_Task details_
Beginning with the line containing "прямые автобус зимой картинка слизистой носа" and ending with the line containing "sistema gb al 2x1", write out each line of the records below exactly; pictures and lines outside that range are left out.

_Records supplied_
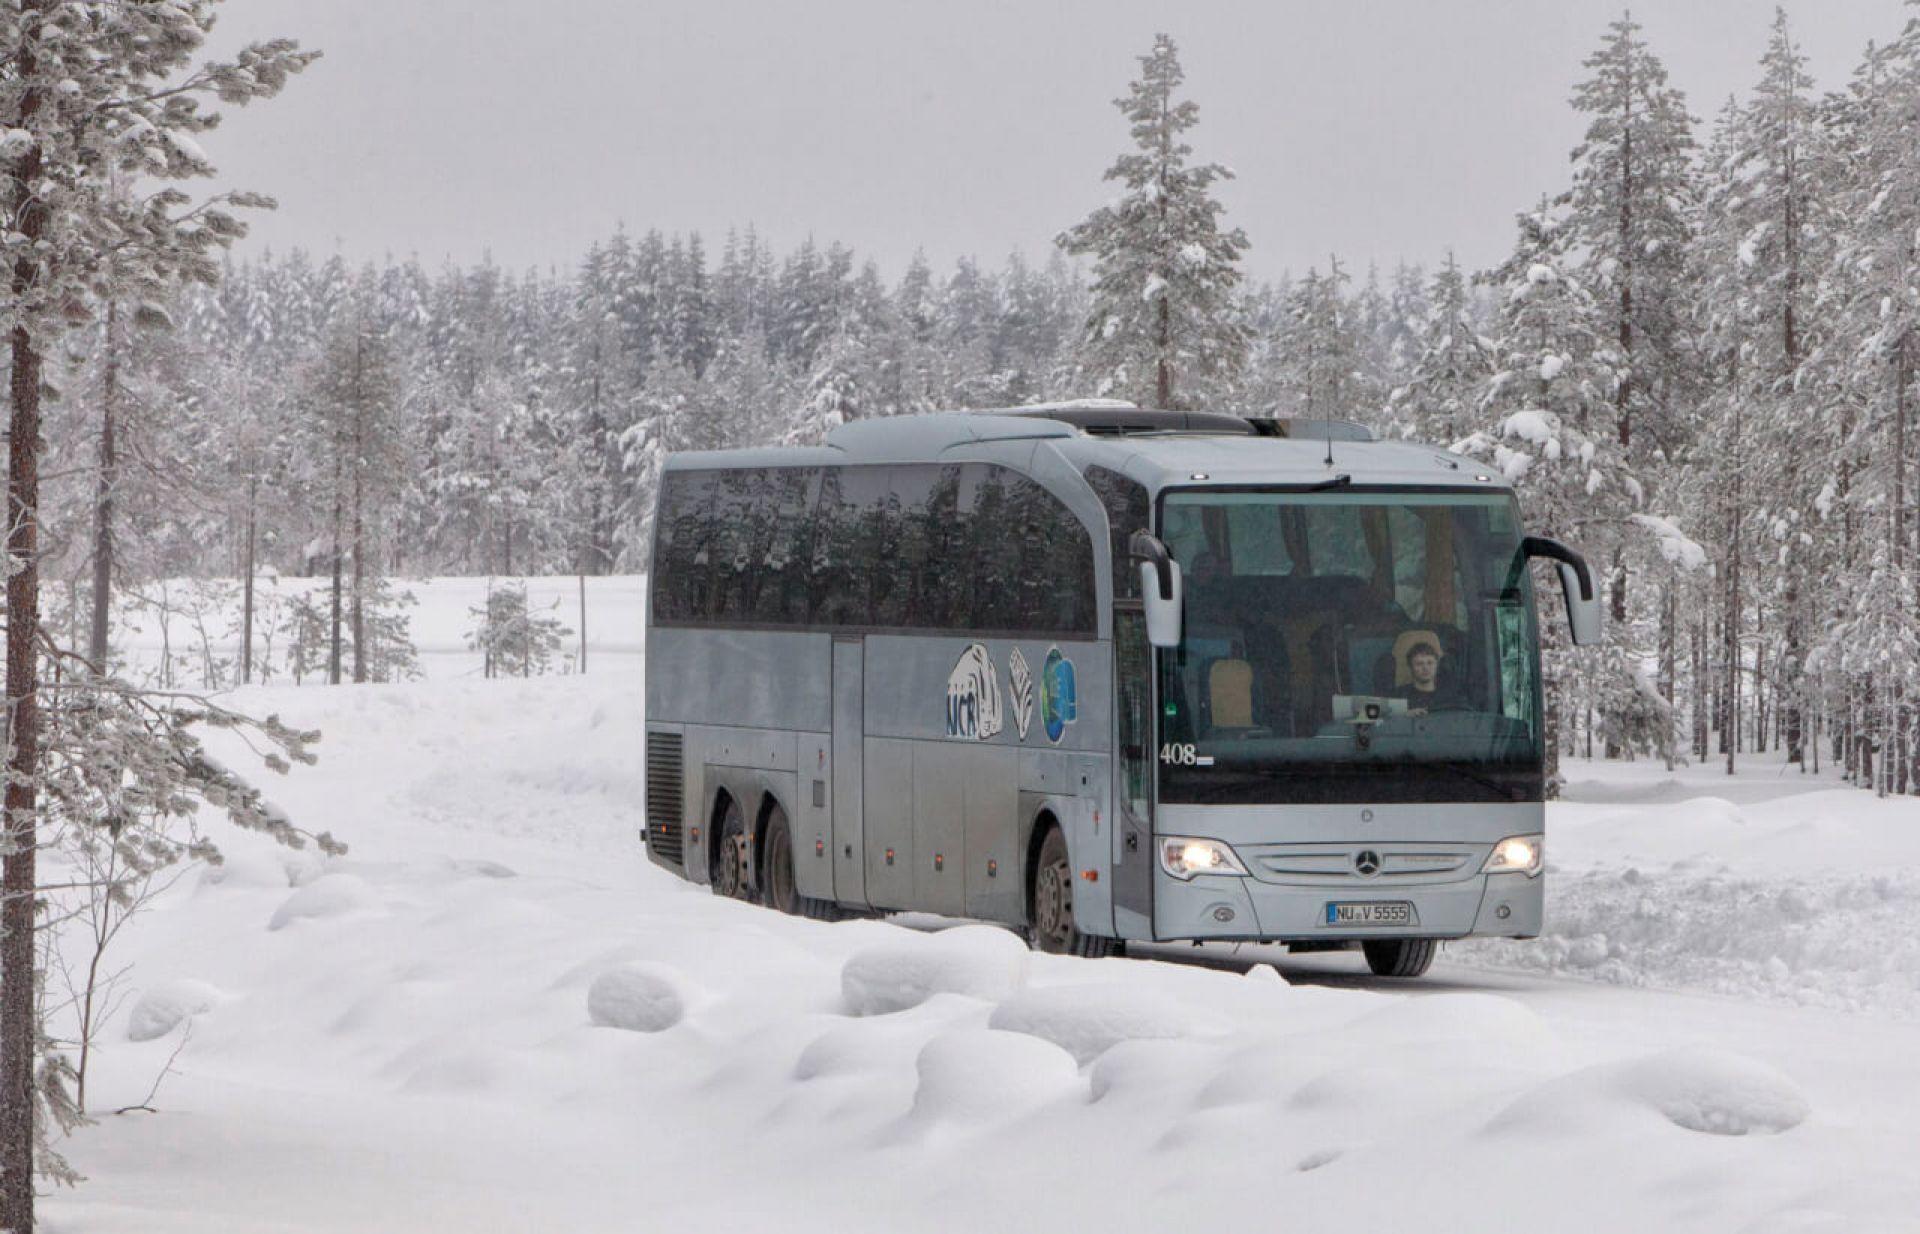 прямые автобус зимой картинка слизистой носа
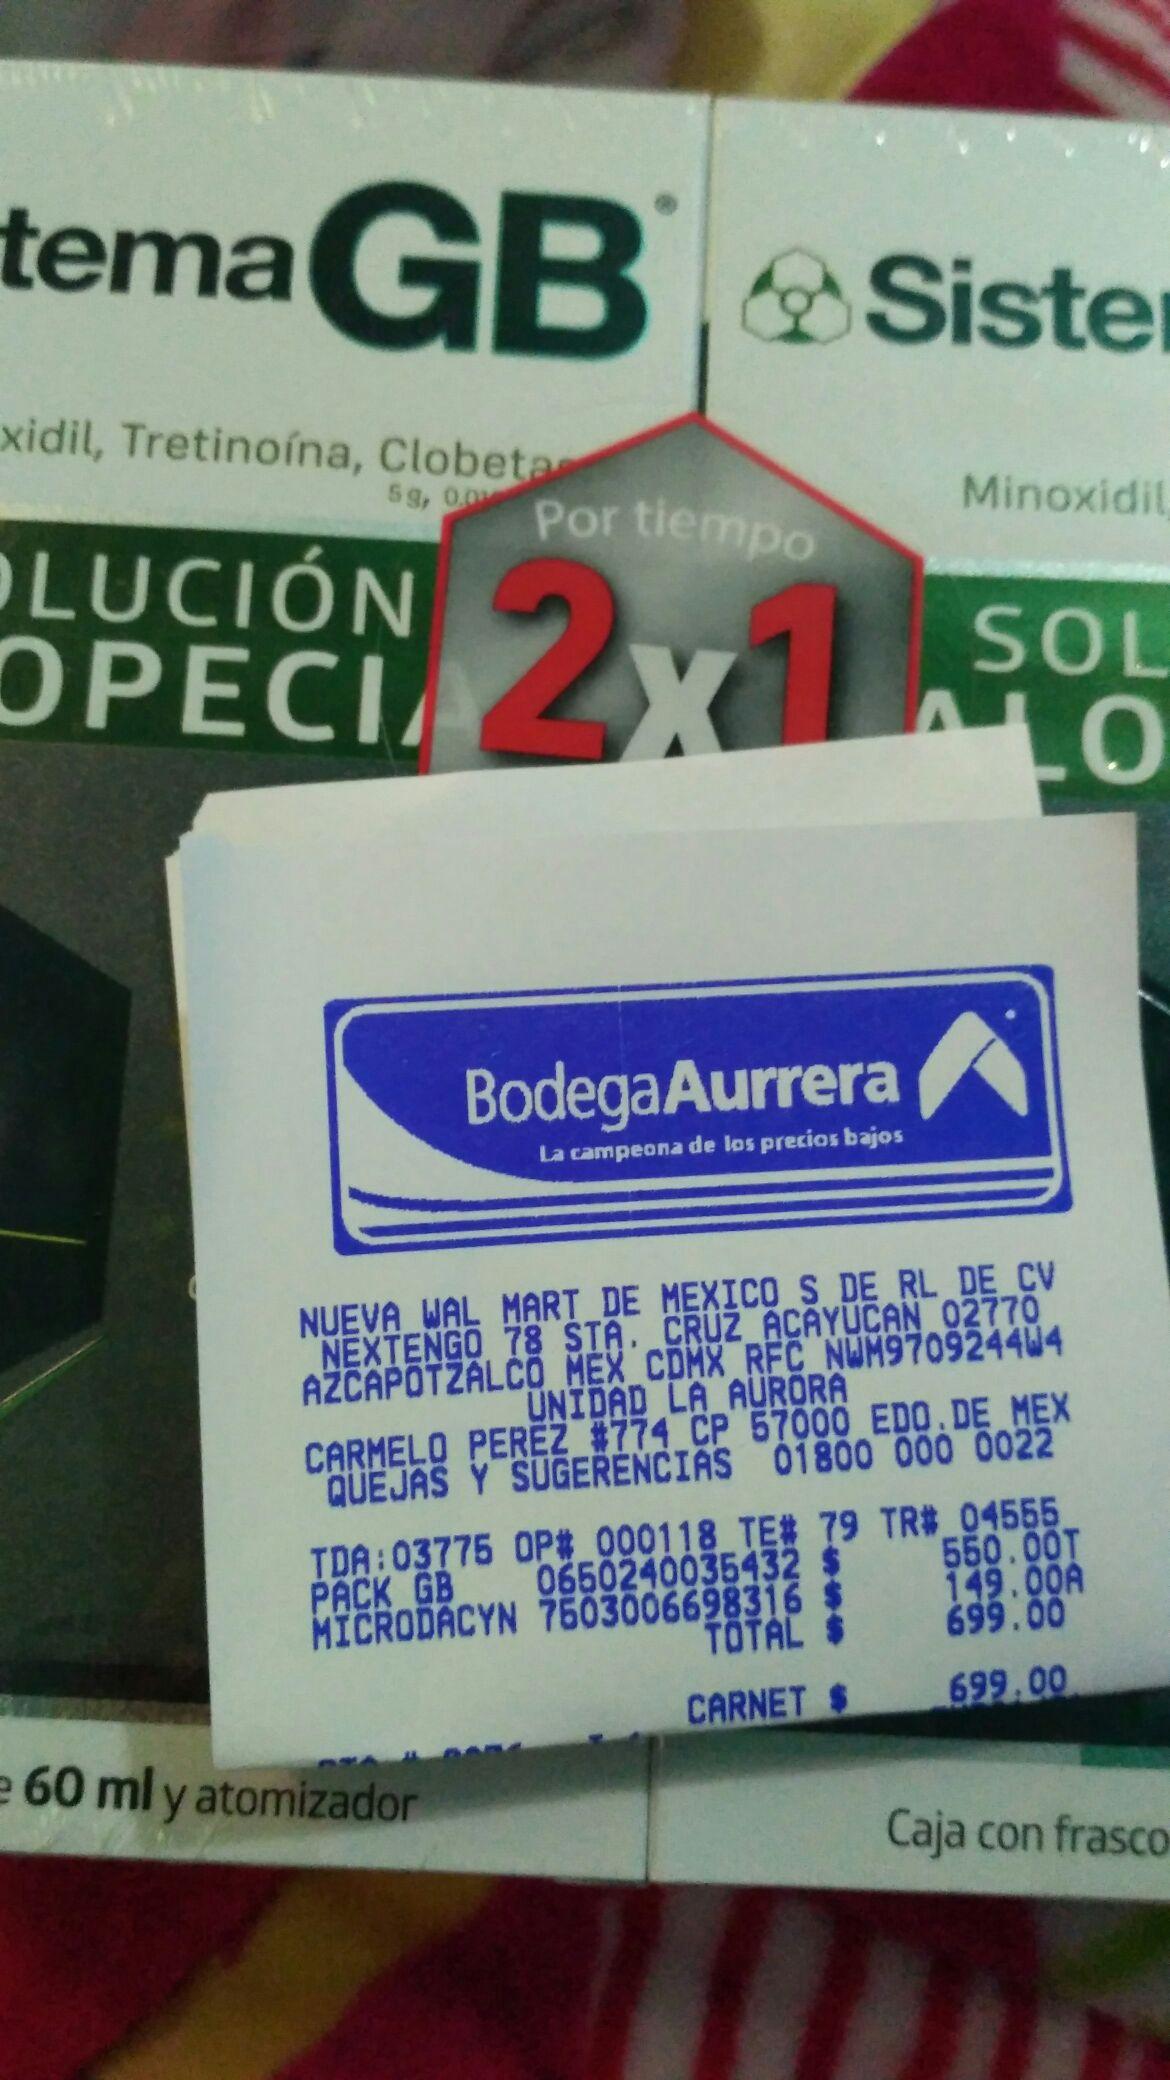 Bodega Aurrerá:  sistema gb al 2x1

==

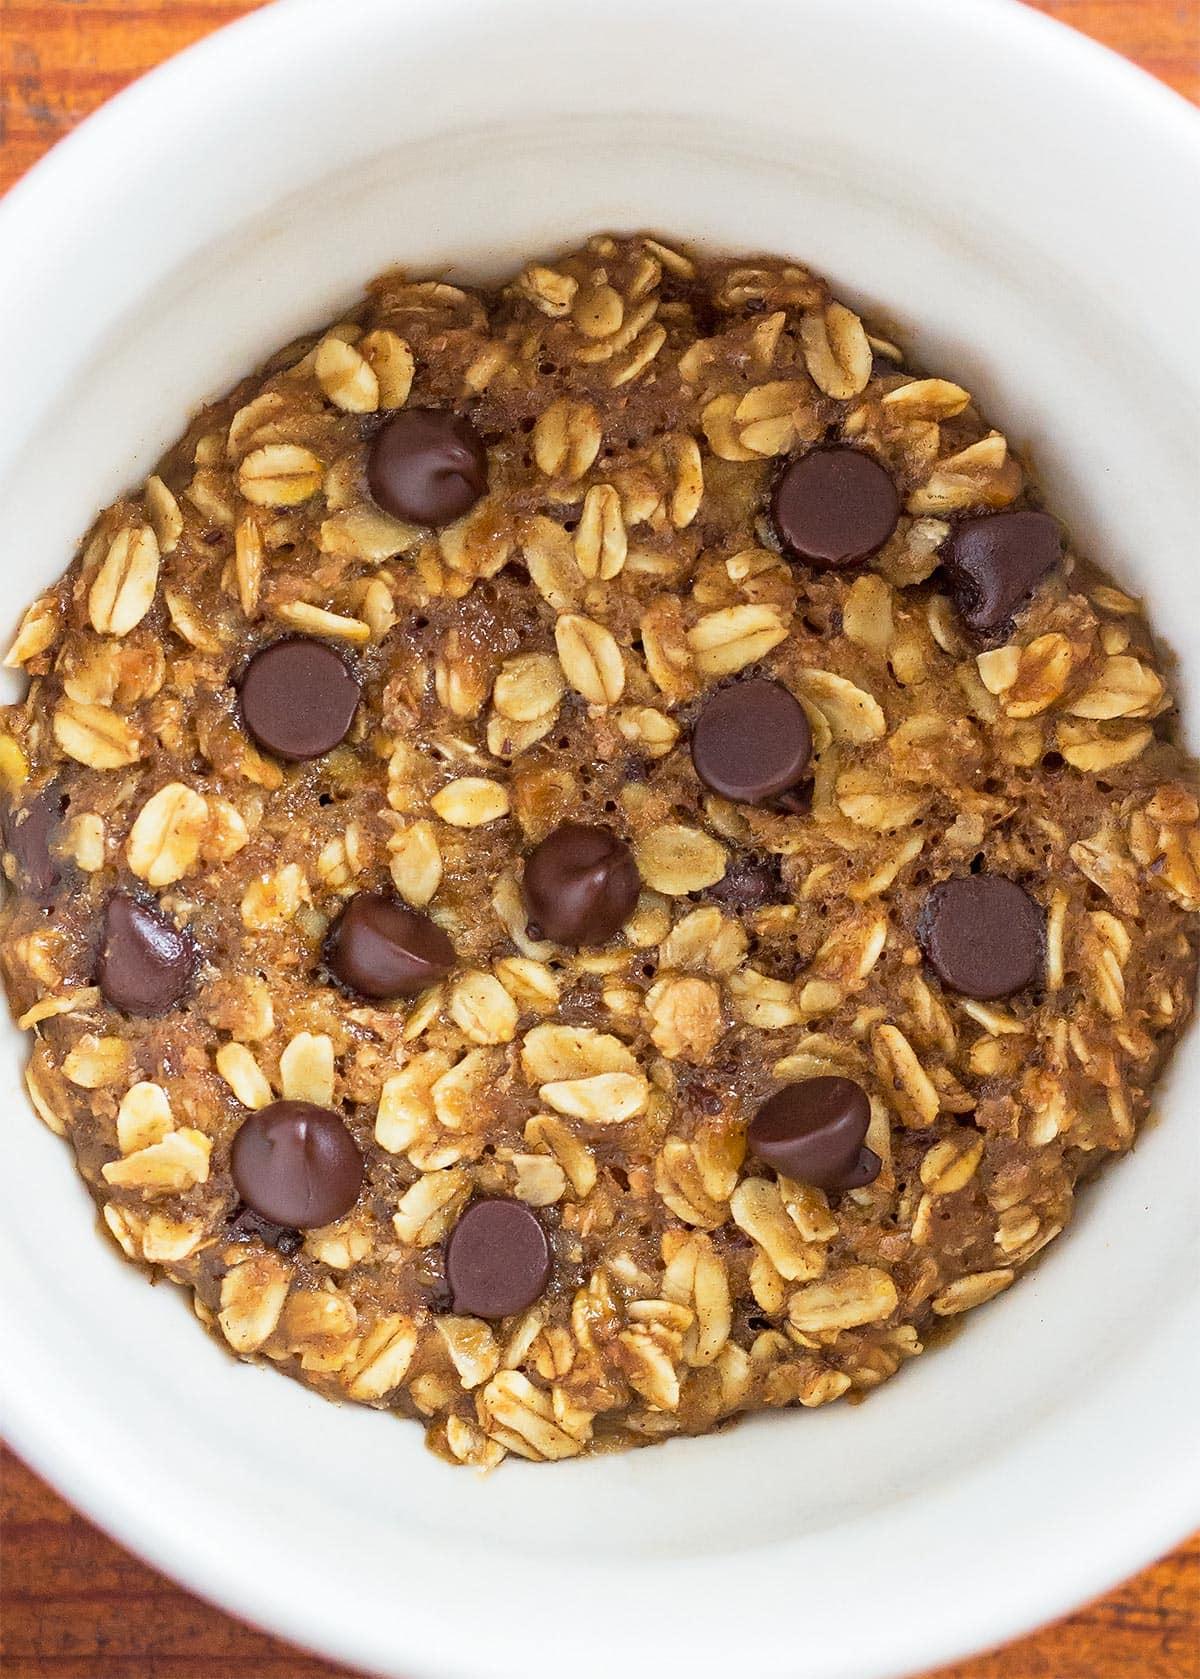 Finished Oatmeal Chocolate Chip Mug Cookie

_Answer to this task_
 прямые автобус зимой картинка слизистой носа
 Bodega Aurrerá:  sistema gb al 2x1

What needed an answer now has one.